Stockwell looked at me stupidly. “Huh?”
“You should have said understaffed. Undermanned is not politically correct.”
Stockwell threw the plastic stirrer at my chest. “Fuck politically correct. Did any of what I just said register with you? Or have you been too occupied monitoring my goddamned word choice?”
“I get it, Lieutenant. You’re too busy keeping your head above water to make the Teller case a priority.”
“No,” said Stockwell. “I don’t have a choice about the Teller case. It is a priority. I’ve been told that personally from the mayor on down. I also happen to have about twelve other cases that are priorities, including a double homicide of two five-year-old kids. But that’s not the point. The point is I’m too busy keeping my head above water to waste time dicking around with you. I thought I had made that crystal clear the last time we talked.”
“Things have happened. Things you should know about. Look, I’m trying to do the right thing here, bu
t you sure aren’t making it very easy.”
Stockwell took a deep breath and let it out slowly. He folded his arms and sat back in his chair, looking me over. “What’s your grift, Riordan? Bishop told me he fired your ass. Why are you still nosing around in the embers?”
I wasn’t sure how much I wanted to let my hair down. I said, “When I took this case I told Bishop that I had resolve-resolve in spades. Let’s just say I know I haven’t played this one as smart as I could and I don’t want to walk away with the score as it stands. I’m going to see it through.”
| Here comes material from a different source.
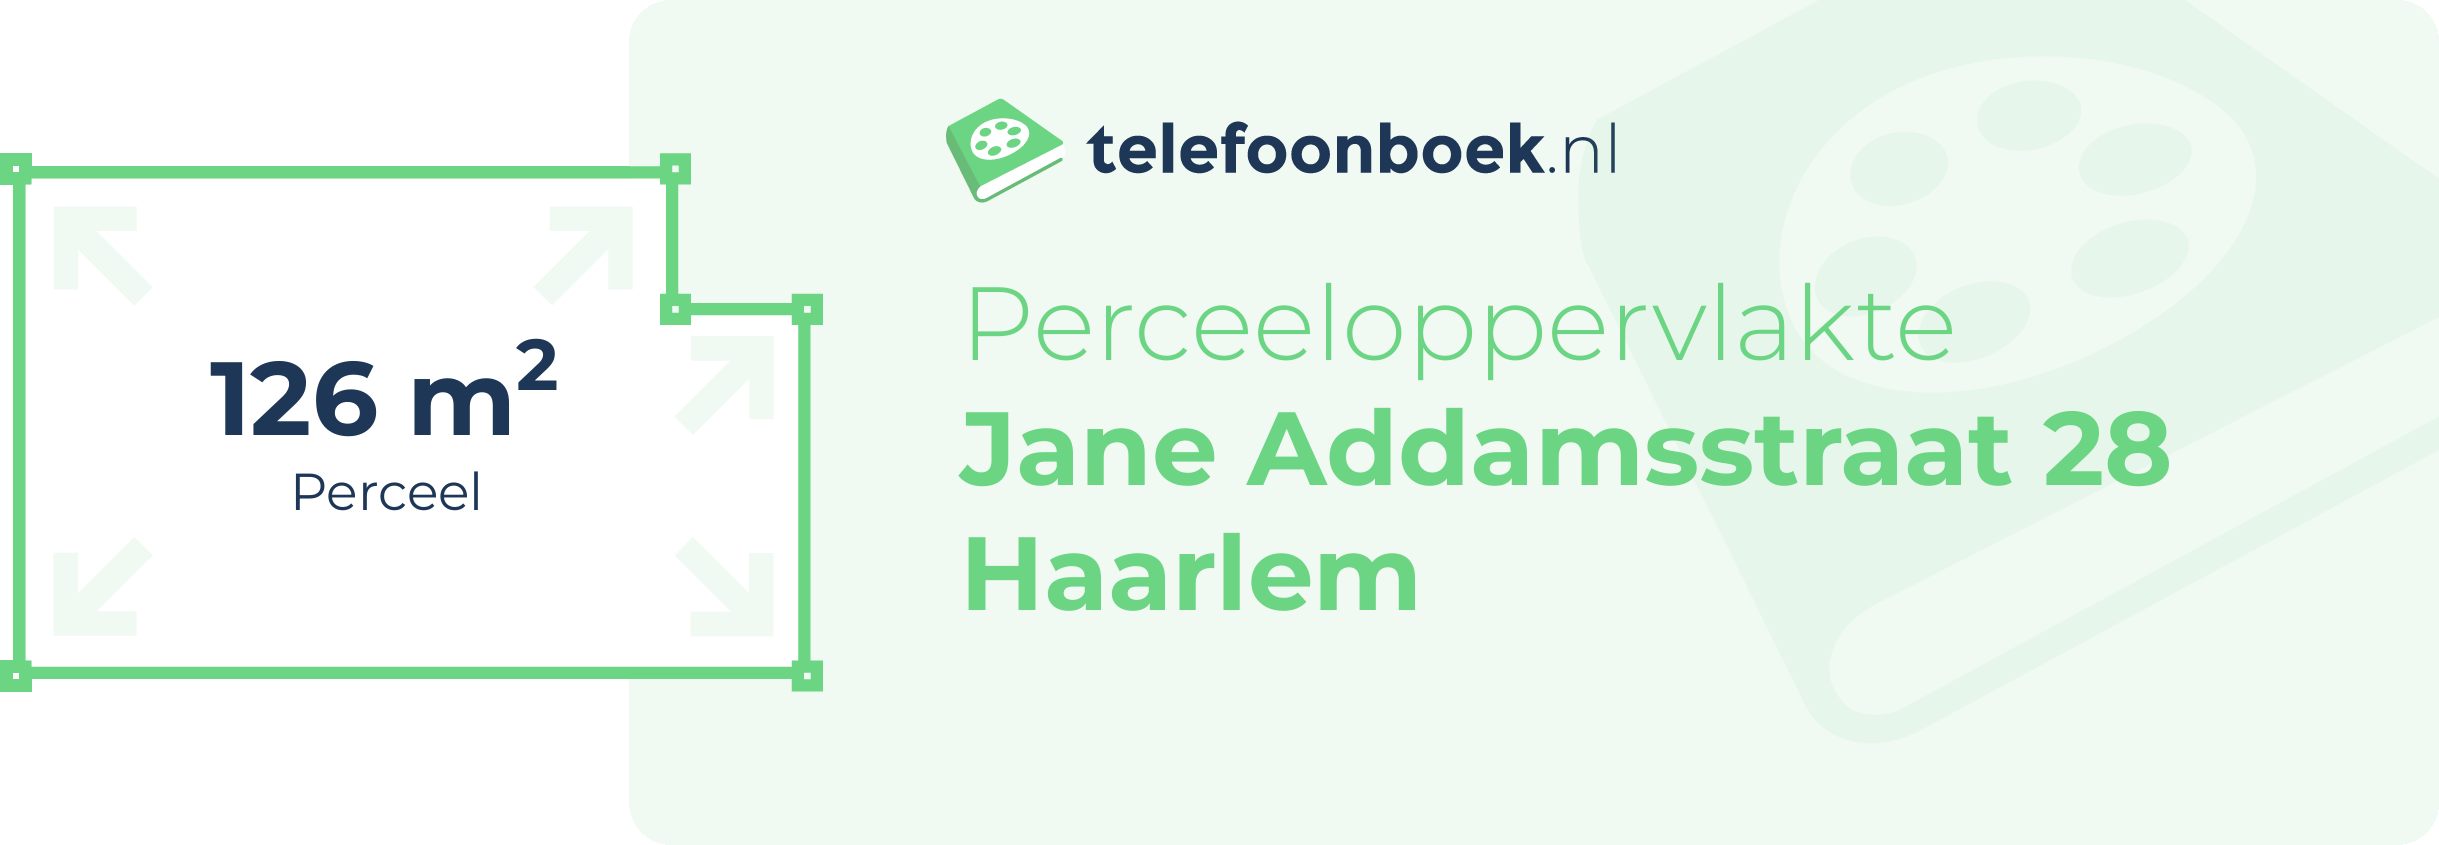 Perceeloppervlakte Jane Addamsstraat 28 Haarlem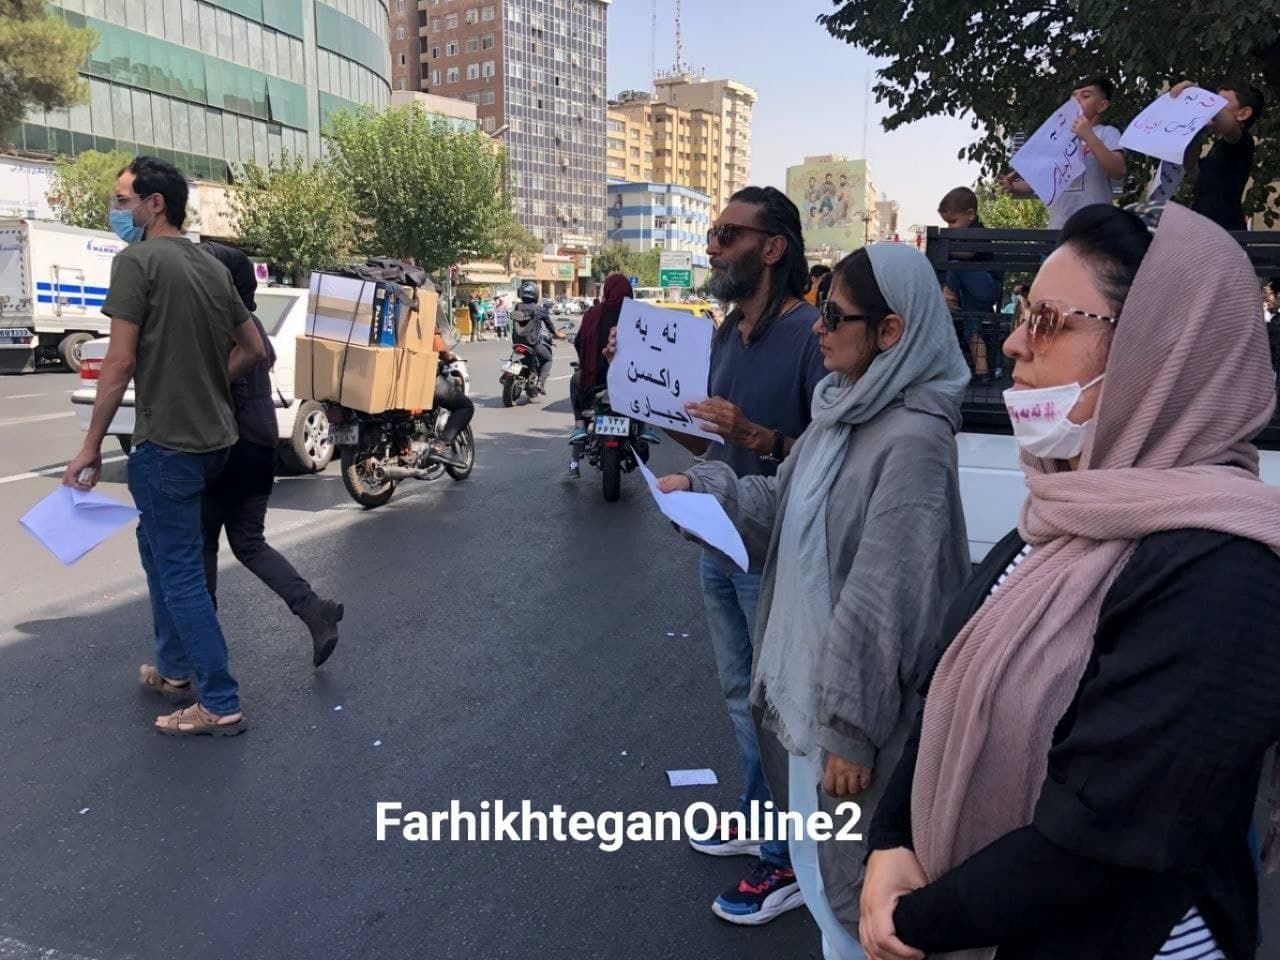 فیلم جنجالی از تجمع مخالفان واکسیناسیون کرونا در ایران

Stockwell shook his head. “That’s putting a pretty face on it, Riordan. You feel like you’ve been made a fool of and you want to get even. It’s that simple. Problem is, there’s no one to get even with. Not really. The only thing that’s left to do is clean up the mess: find Terri McCulloch and put her in jail. Any chance you had of doing what Bishop really hired you to do is long gone.”
“Some of what you said is true, but not all. I think there’s more to be done than just cleanup. For one thing, there are still players flitting around who aren’t on the program.”
“You mean Nagel.”
“For one.”
“Okay, let’s dispense with the quilting circle chit-chat and get down to it. Just what do you have for me?”
“Right. Exhibit A: Roland Teller’s laptop computer.” I set it on the desk in front of him.